Training and learning methods are bound to change. We need to find ways to quickly acquire in-demand skills, specialise, and understand the realities of the modern workplace. AI copilots already help accelerate the junior phase, enabling professionals to move faster into human + AI copilot roles—and eventually reach purely human-level positions.
Yes, lately, we’ve seen waves of layoffs, especially among junior employees, as AI takes over. How can companies balance automation with keeping jobs?
It’s a tricky question. In practice, companies will automate wherever it makes economic sense. If robots or AI can produce a product cheaper than a human, businesses will naturally go for the cost cut. Without regulations or mandatory limits, there’s very little to slow automation down.
Yet the reality is more nuanced. Jobs stick around as long as automating a role costs more than keeping a human. Take giants like Amazon—they pour billions into warehouse and logistics automation, yet remain among the biggest employers in the sector because some tasks are simply cheaper to do by hand.
The future of work is all about reskilling and the shift to gig and project-based careers. Lifelong employment at a single company is disappearing—and the traditional idea of permanent work is fading too. More people will become small independent “businesses,” managing careers like a portfolio of projects and tasks. It’s a world of opportunity, but it demands flexibility, constant upskilling, and the ability to pivot quickly.

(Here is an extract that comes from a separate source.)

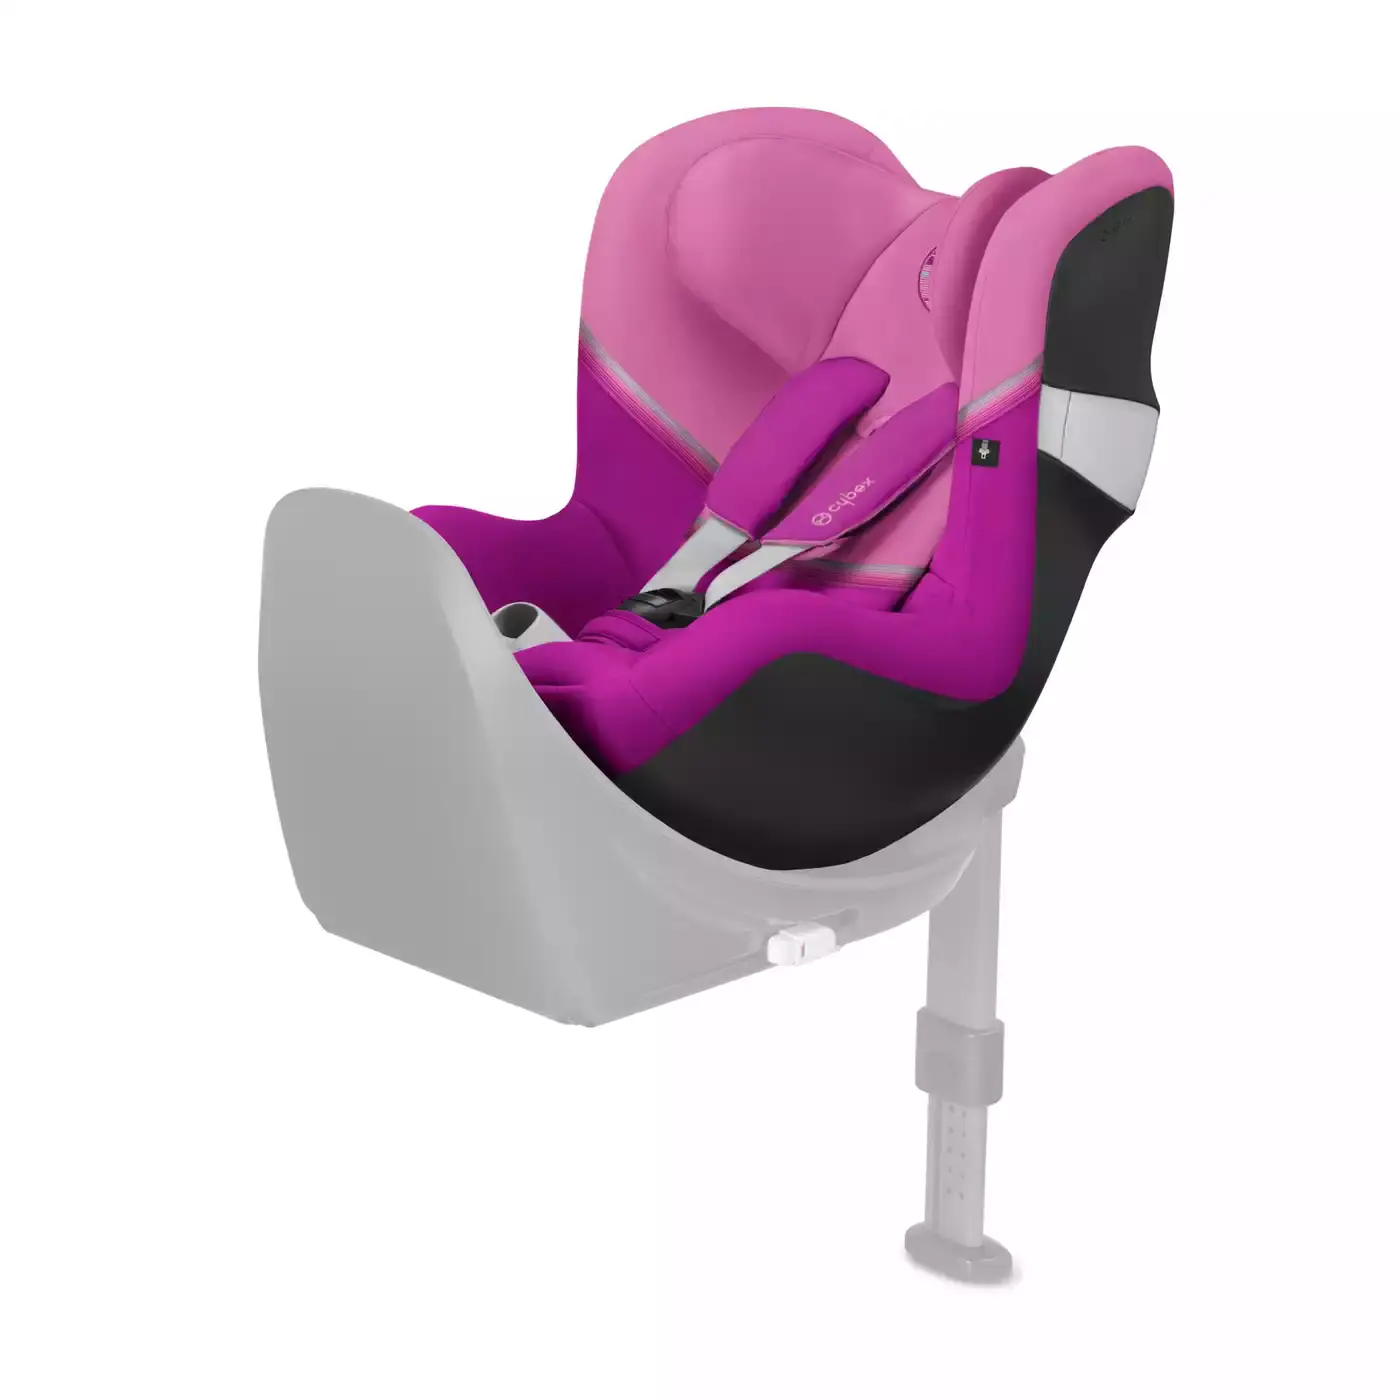 Cybex - Kindersitz Solution M-Fix - Mystic Pink

What’s the number-one piece of advice you’d give to someone worried that AI will take over their job?
Every time a person frees up time, it gets filled with something new. That’s how new sectors, fields of knowledge, and professions emerge. My advice would be to ask yourself: where do you want to go next? In a year, two, five, ten—and strategically, throughout your life? Where will your mind, creativity, skills, and resources create value and help solve real problems for people?
Which skills will define “new literacy” in the next 10 years?
Even sooner than a decade from now, being literate will mean knowing how to work effectively with AI as a tool. Everyone will need to grasp how these technologies function, what they can—and can’t—do, and how to craft the right prompts—a skill surprisingly few people master today.
Equally crucial will be the ability to design systems and automate routine tasks, orchestrating different agents and tools to maximise efficiency. Basic programming will no longer be just for coders—it will become a must-have for anyone building AI-powered products and services.
The ability to structure information visually and create clear, compelling designs will also be essential, helping ideas and results cut through the noise.
And, of course, critical thinking and the capacity to filter massive streams of information will be indispensable. We’ll need to digest enormous amounts of data and make smart decisions in a constantly shifting landscape. Curiosity, experimentation, and adaptability—being ready to try new approaches and pivot quickly—will become the hallmarks of both professional and personal growth.